Igballe Rogova, a women’s rights activist, said voters were now looking at female candidates “not as quota women, but as politicians who make promises and keep them and deserve votes.”
Mr. Kurti, who leads a center-left party that joined forces with Ms. Osmani, has a strong record of promoting women. Briefly prime minister last year, he put women in charge of a third of Kosovo’s ministries. Previous governments appointed just one or none.
The joint election ticket he headed with Ms. Osmani pledged that all state agencies and enterprises would be ordered to enforce hiring equality. Governments dominated by former K.L.A. commanders had for years resisted giving women who had fought in the war the status and pensions accorded to male fighters.
Ms. Bala, the activist, who carried a gun in the war, said that many women had taken part in the armed struggle against Serbian forces but were later written out of the script. “A myth was created that only men are strong and can fight,” she said.
Another fraught issue has been whether rape survivors, of which there were thousands during the war, should be recognized as war victims entitled to a monthly government stipend.
Legislation allowing rape survivors to apply for compensation was passed in 2014 after intense lobbying by Ms. Osmani. That was despite demands from some male legislators that women who had been raped in the 1990s get a medical certificate from a doctor — more than 20 years later — to prove that they were not lying.
Such demands, Ms.

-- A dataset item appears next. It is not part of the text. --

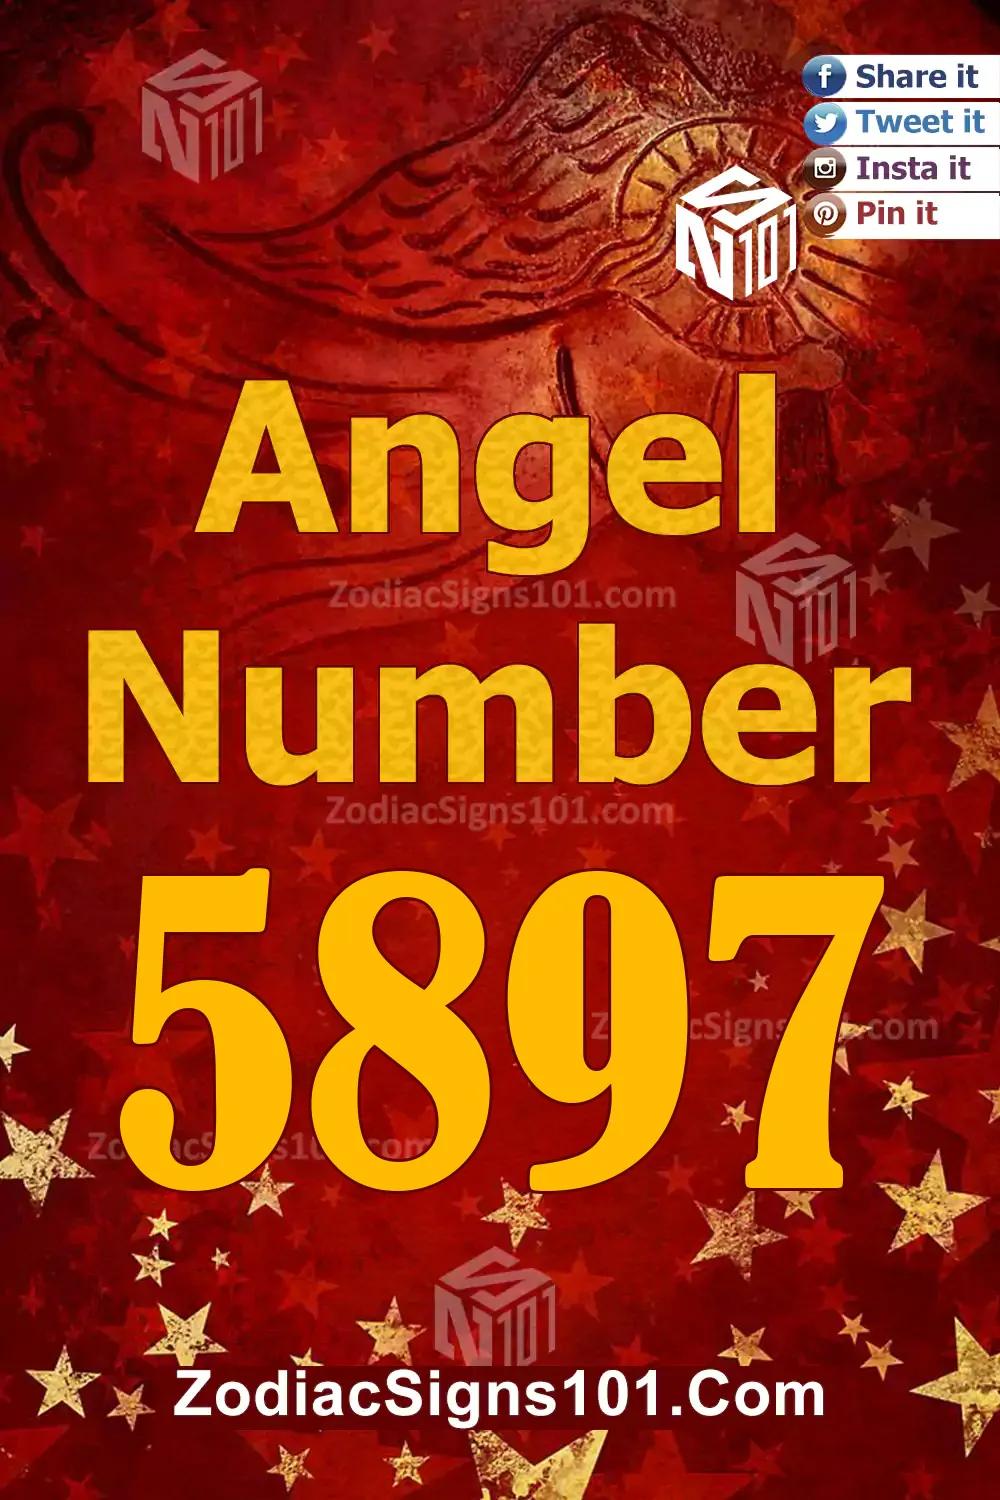 5897-Angel-Number-Meaning.jpg

Osmani said, were “ridiculous and very insulting toward women.”
Ms. Bogujevci’s road to Parliament was also a long one. “I always said I would never enter politics,” she said in an interview in her family’s hometown, Podujeva.

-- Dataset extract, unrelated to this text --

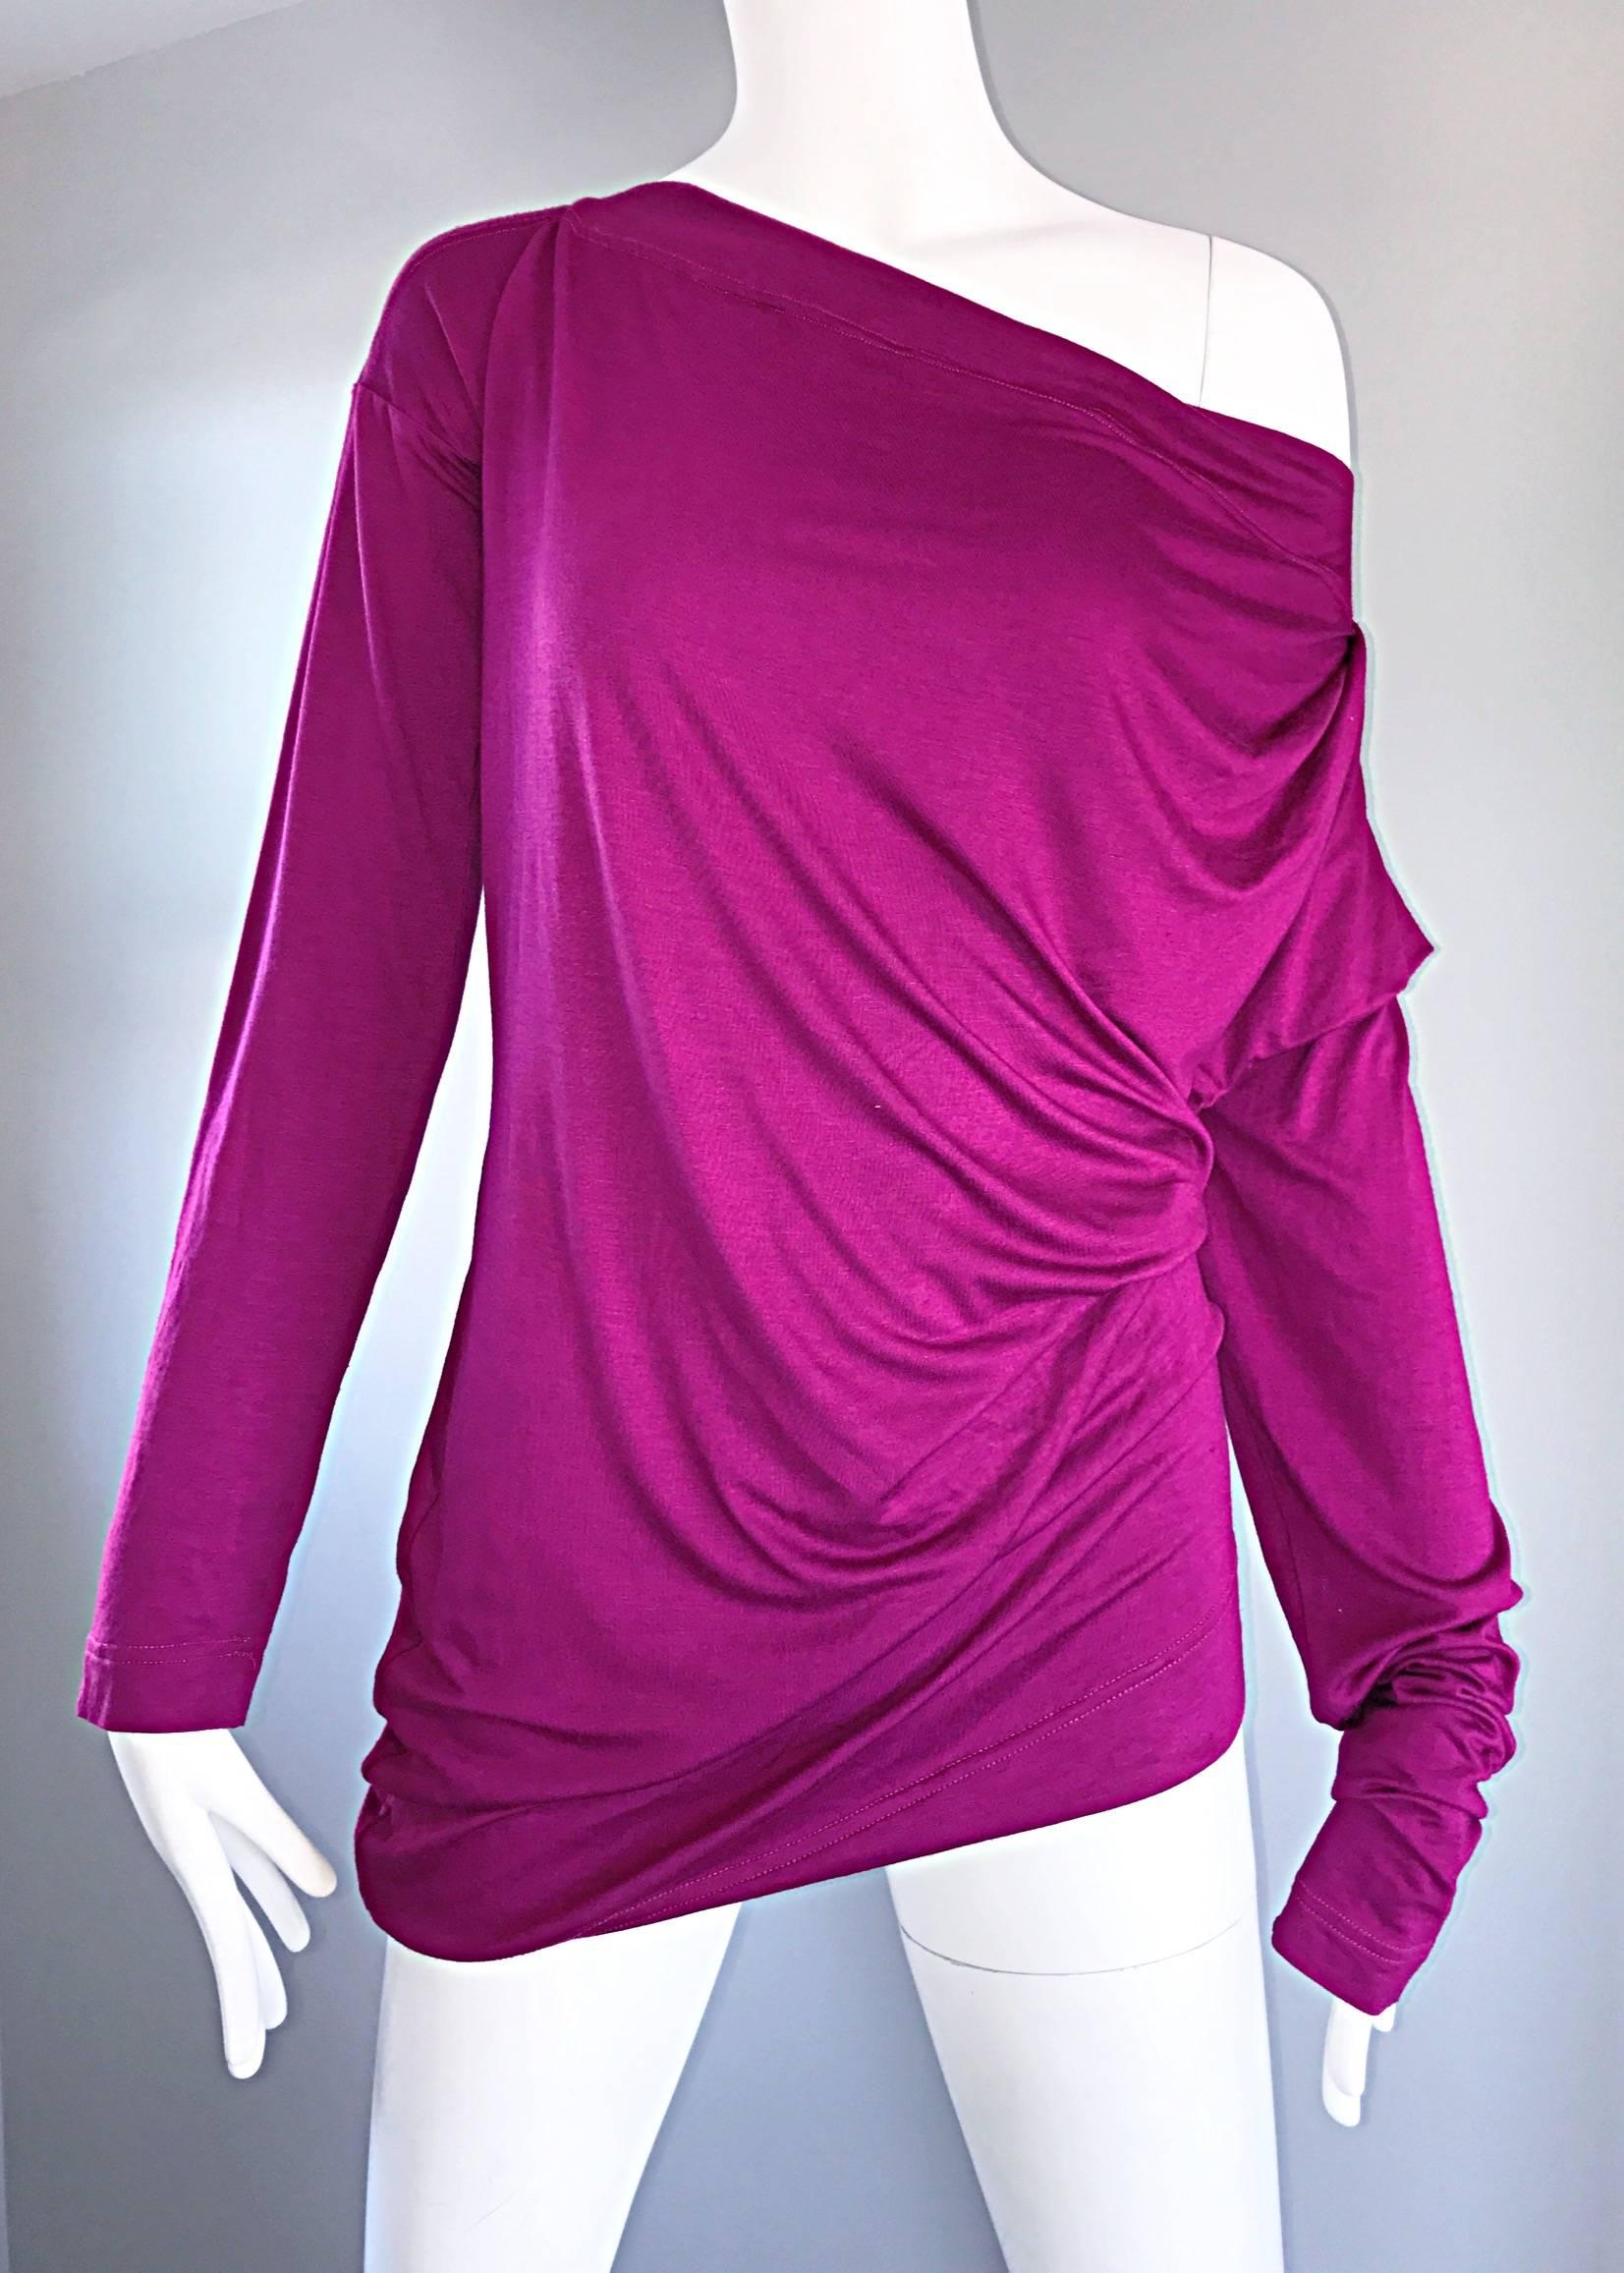 Vivienne Westwood Vintage 90s Magenta Fuchsia Pink Avant Garde Tunic Top Dress 1

She was flown to Britain for medical treatment soon after the fighting ended, and spent nearly 15 years building a new life in Manchester in the north of England, but started making increasingly frequent trips back to her home region.
She testified against her family’s killers before a court in Belgrade, the capital of Serbia, and exhibited an art display she had created chronicling her family’s story. She has now moved back to Kosovo, where strangers stop her on the street to voice admiration and support.
Like most Kosovo towns, Podujeva has a hulking war monument in its center featuring statues of burly men with guns. When Ms. Bogujevci visited before the election, however, she immediately became the center of attention, thronged by well-wishers.
Bokim Gashe, standing in the snow outside his wife’s tailoring business, said he would “of course” vote for her.
“She is stronger than all the men around here,” he said.